Estava eu sentado à mesa, como era rotina em minhas quintas-feiras, mamando uma cerveja e estalando a língua contra os dentes, tentando em vão livrar-me de um pedaço de algo que eu deveria ter mastigado horas atrás. Quando então surge Ademar. Nós haviamos crescido juntos e ele se tornara meu amigo na época em que eu ainda tolerava as pessoas.

Eu realmente não gostava de sua presença (e talvez a minha  também não lhe agradasse tanto), mas já eramos amigos. Estavamos fadados a conviver um com o outro até que um de nós cometesse alguma atitude que nos desrespeitasse. Isso para mim era indiferente. É fácil evitar alguém. Ademar sentou-se ao meu lado, pediu uma cerveja, olhou-me por alguns segundos e disse:

– Existem algumas garotas com a cuca fodida por aí, não?

– É…

– Não consigo entender o prazer que elas têm em foder com alguém. Talvez isso para elas seja como o sexo é para nós. Elas não têm paus, então nos ferram da maneira que mais lhes parecer conveniente.

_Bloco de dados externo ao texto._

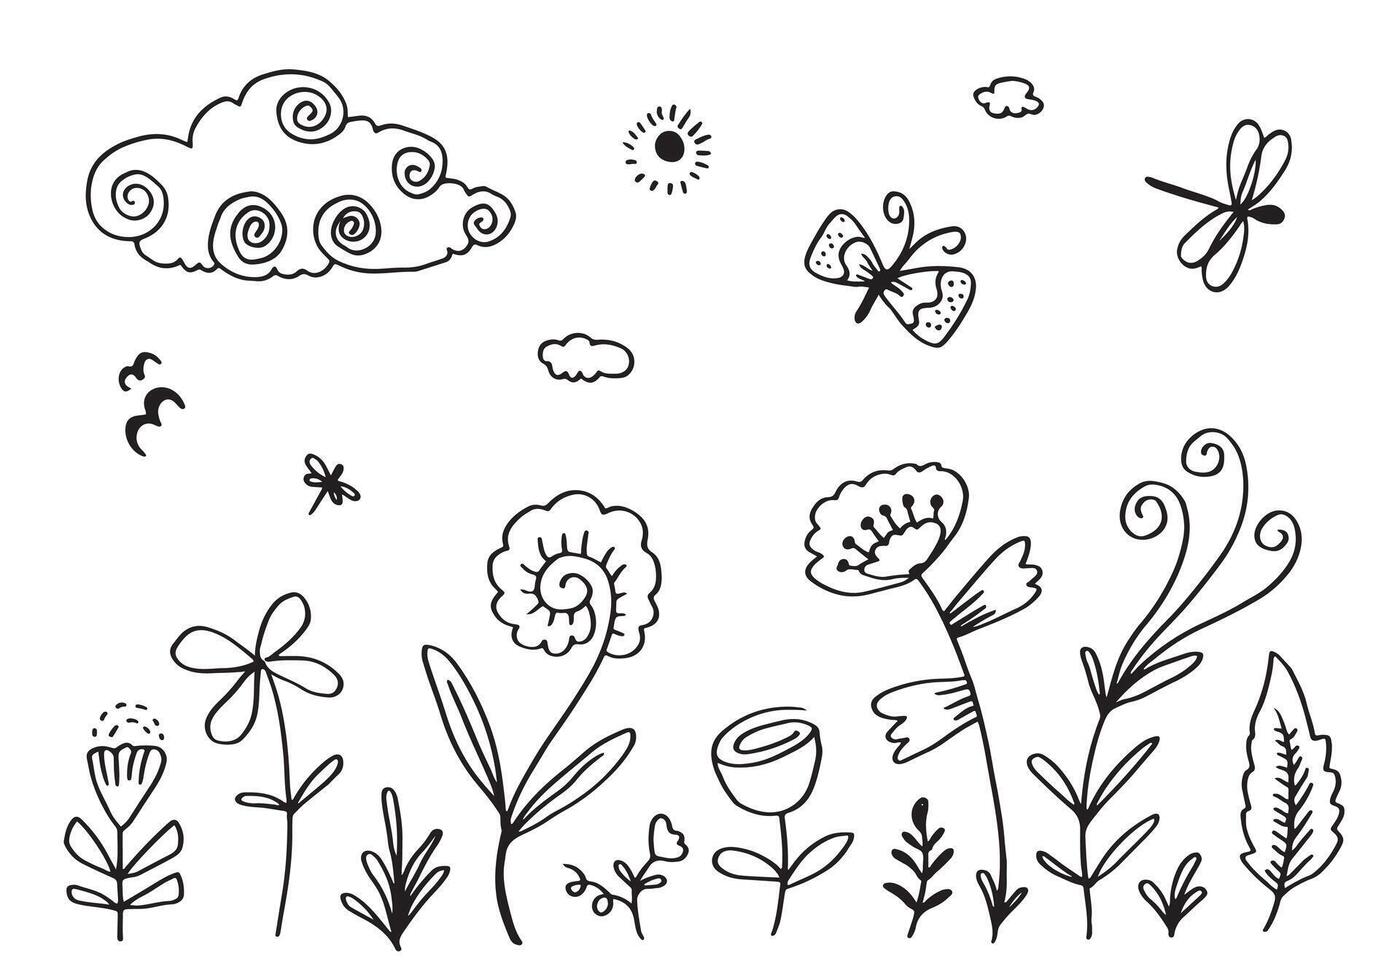 schwarz Silhouetten von Gras, Blumen und Kräuter mit Wolke, Libelle und Schmetterling isoliert auf Weiß Hintergrund. Hand gezeichnet skizzieren Blumen. vektor
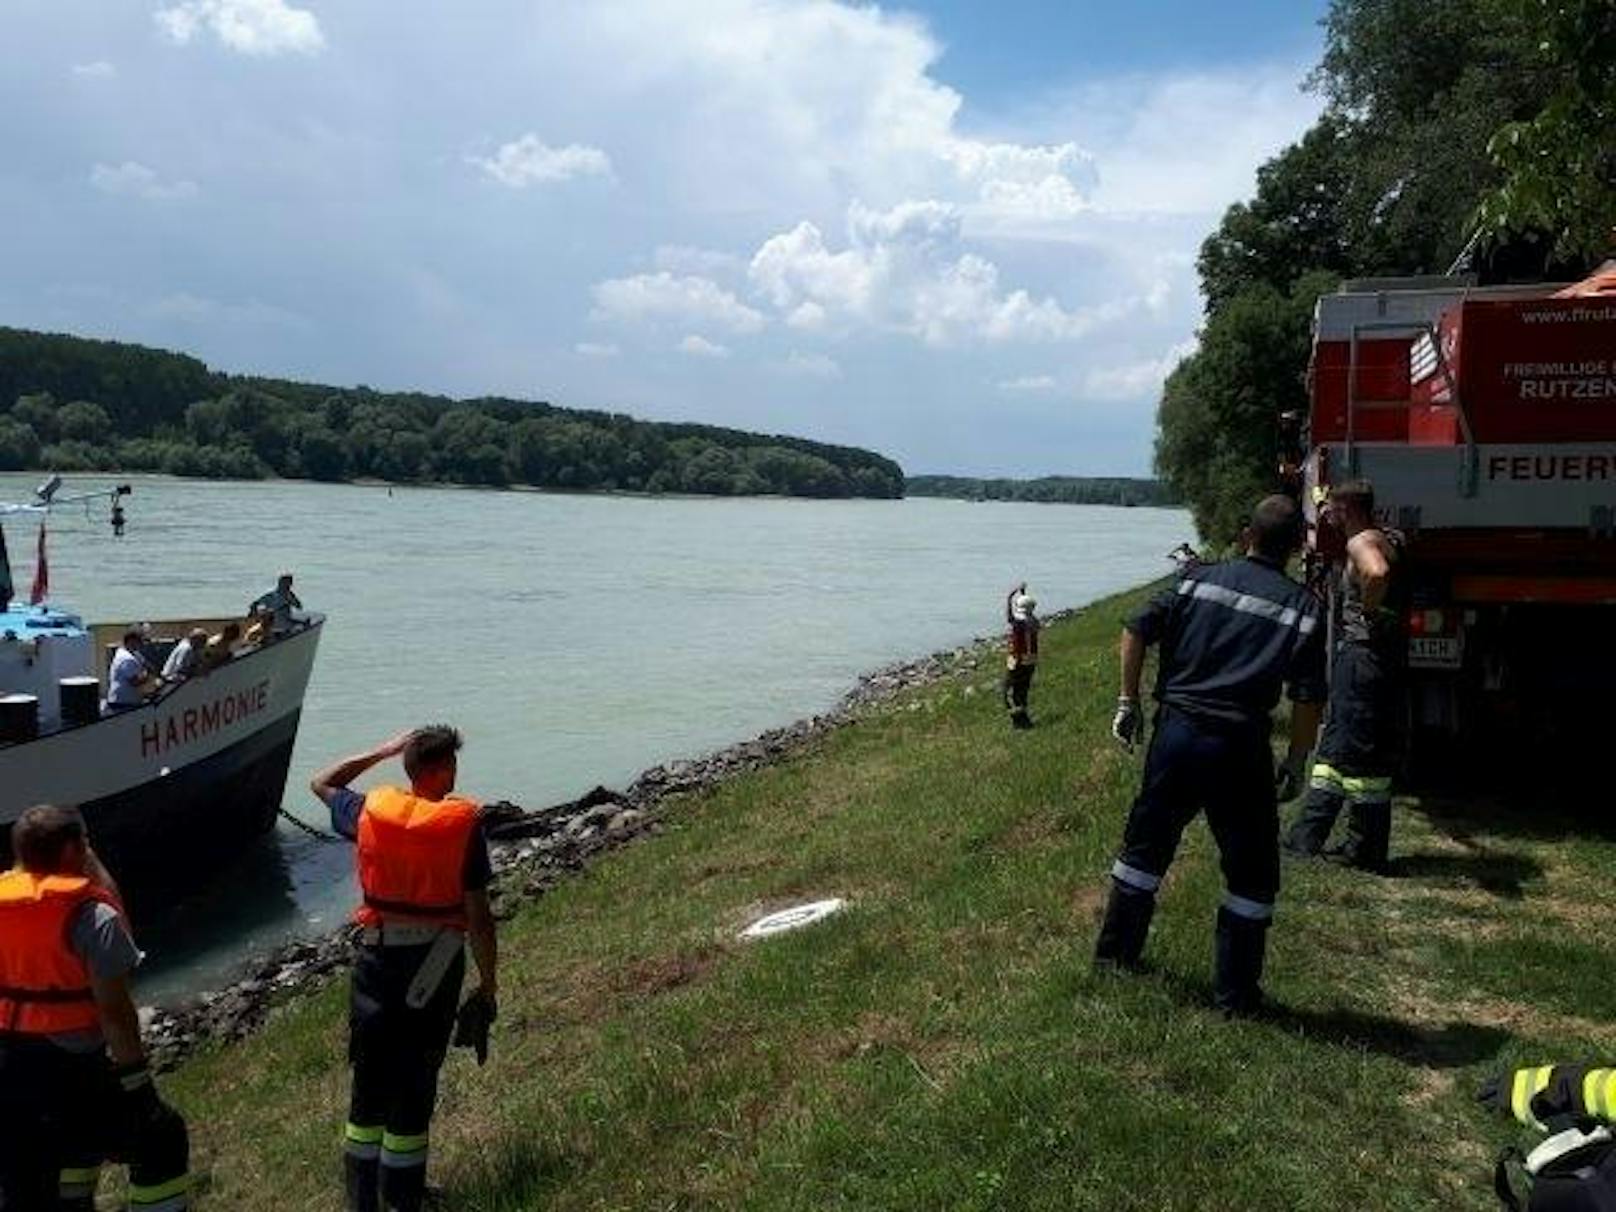 Ein Schiff dürfte seine Ankerkette in der Donau verloren haben, der Frachter "Harmonie" verfing sich und blieb hängen.

– É isso que todos estamos fazendo. Adiando a hora de nossa morte. Nos mantendo ocupados. Garotas querem apenas diversão.

– Eu conheci essa garota e ela pareceu ser diferente…

– Mulheres, você as conhece hoje e amanhã descobre fotos dela em uma suruba com pretos na internet.

– Um brinde à isso.

Brindamos. Ele continuou a falar sobre sua garota, ela deveria ser mesmo quente. Evaporou. Continuei mamando minha cerveja. Era para aquilo que eu vivia. Trabalhar para ganhar o suficiente para pequenas alegrias, mas nunca viver sem trabalhar. Estamos destinados a suar camisas, para então ganharmos um passe livre para um depósito-de-gente.

Ademar perguntou-me sobre o que eu andava escrevendo. Ele se importava, admirava meu trabalho. Era para ele que eu escrevia afinal, um fodido como eu. Mas não um fodido de verdade. Um fodido de verdade não sabe ler. Eu era filho de um paradoxo interminável. Preso eternamente ao meio. Medíocre.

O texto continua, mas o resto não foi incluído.